A frigate fit for a Queen: HMS Lancaster

Courtesy : Royal Navy

Most people – understandably – will associate the ship which carries her name around the world with Her Majesty. But there’s a second, much-loved, well-travelled Royal Navy warship in service also named after the Queen– and equally proud of its Royal associations as the aircraft carrier HMS Queen Elizabeth.

HMS Lancaster takes her name after British nobility, in her case the Duke of Lancaster – an historic title held by the monarch since the early 15th Century.

From the day the latest HMS Lancaster was launched by Her Majesty (accompanied by the Duke of Edinburgh) at the Yarrow yard in Scotstoun on the Clyde – to this summer, when crew lined up on Lancaster’s flight deck, and spelt out ‘E II R 70’ in celebration of the Jubilee – the association between the frigate and her Royal sponsor have been cherished.

At Lancaster’s launch, the Queen hoped she would see the new warship into “peaceful and graceful old age”.

And she did. Since that May day, Her Majesty has paid at least half a dozen visits to the ship which has proudly adopted the nickname ‘The Queen’s Frigate’: most recently in 2014, when the guest of honour posed on the forecastle with the ship’s company for a unique group shot treasured by all in it (as well the Royal Navy photographer who captured it).

The frigate’s Operations Officer that day was a Lieutenant Commander Tom Johnson, one of a select group of the 180 men and women aboard invited to dine with the Queen (for the record, fois gras with melba toast fingers, herb-crusted best end of lamb, with a dessert of white chocolate mint mousse, the work of Leading Chef Grant O’Neill) following a family tradition; his dad was the frigate’s weapon engineer officer when the Queen came aboard the ship back in 2004.

Eight years after dining with Her Majesty, Tom Johnson took command of her frigate.

Among the last duties of his predecessor, Commander Will Blackett, was to call on Buckingham Palace to report his time aboard the ship was completed.

And among the very first duties for his successor is to pick up a pen and write a letter of introduction to Her Majesty, while the command team dispatch an annual update on the ship’s deeds and activities – the frigate is currently on NATO duties in Portugal.

“As ‘The Queen’s Frigate’, HMS Lancaster has enjoyed a special relationship with Her Majesty since the ship was personally launched by her in 1990,” said Commander Johnson.
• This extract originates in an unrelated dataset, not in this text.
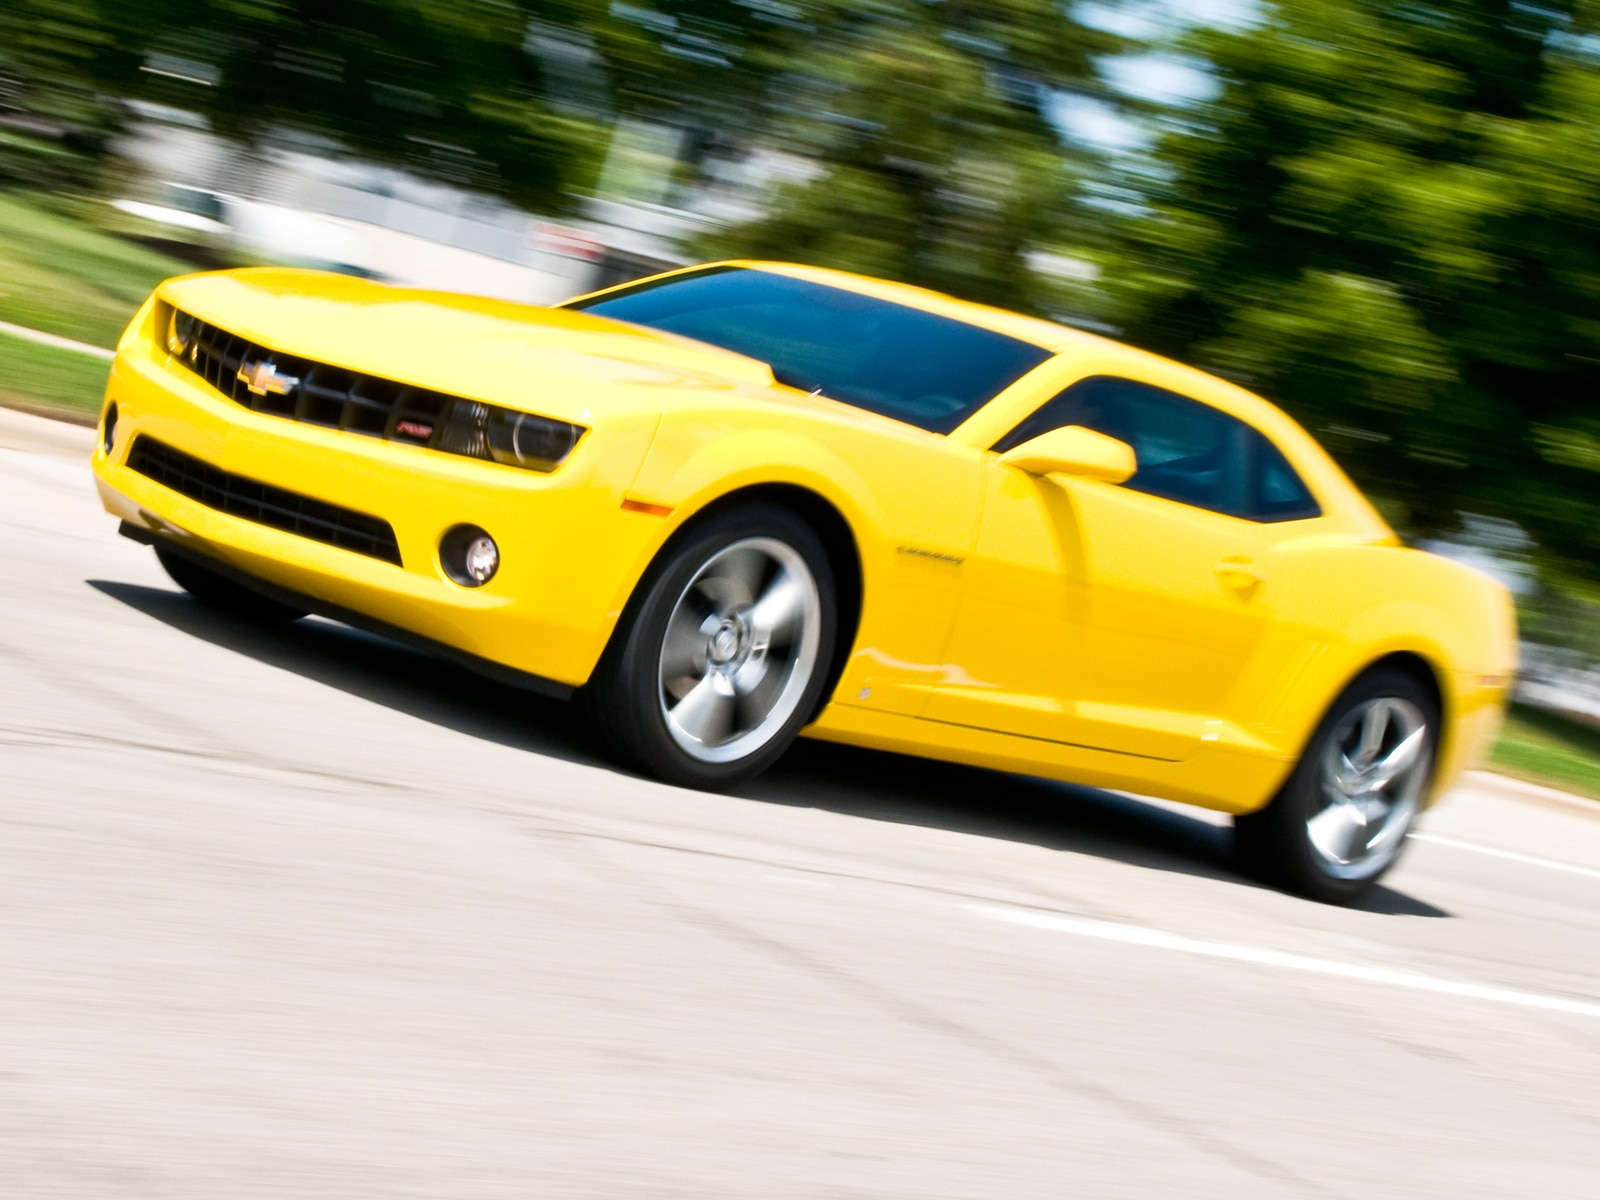 Chevrolet Camaro Yellow HD desktop wallpaper Widescreen High

“During one of her many treasured visits to the ship in 2014, I had the honour of sharing a meal with her and was struck by the way in which her presence brought such joy to the ship’s company and their families. I am certain that these fond memories of her visits to HMS Lancaster will endure well beyond the ship.

“Her Majesty embodied a profound sense of duty to her country and my ship’s company and I continue to garner great strength and fortitude from her unsurpassed example,” said Commander Tom Johnson.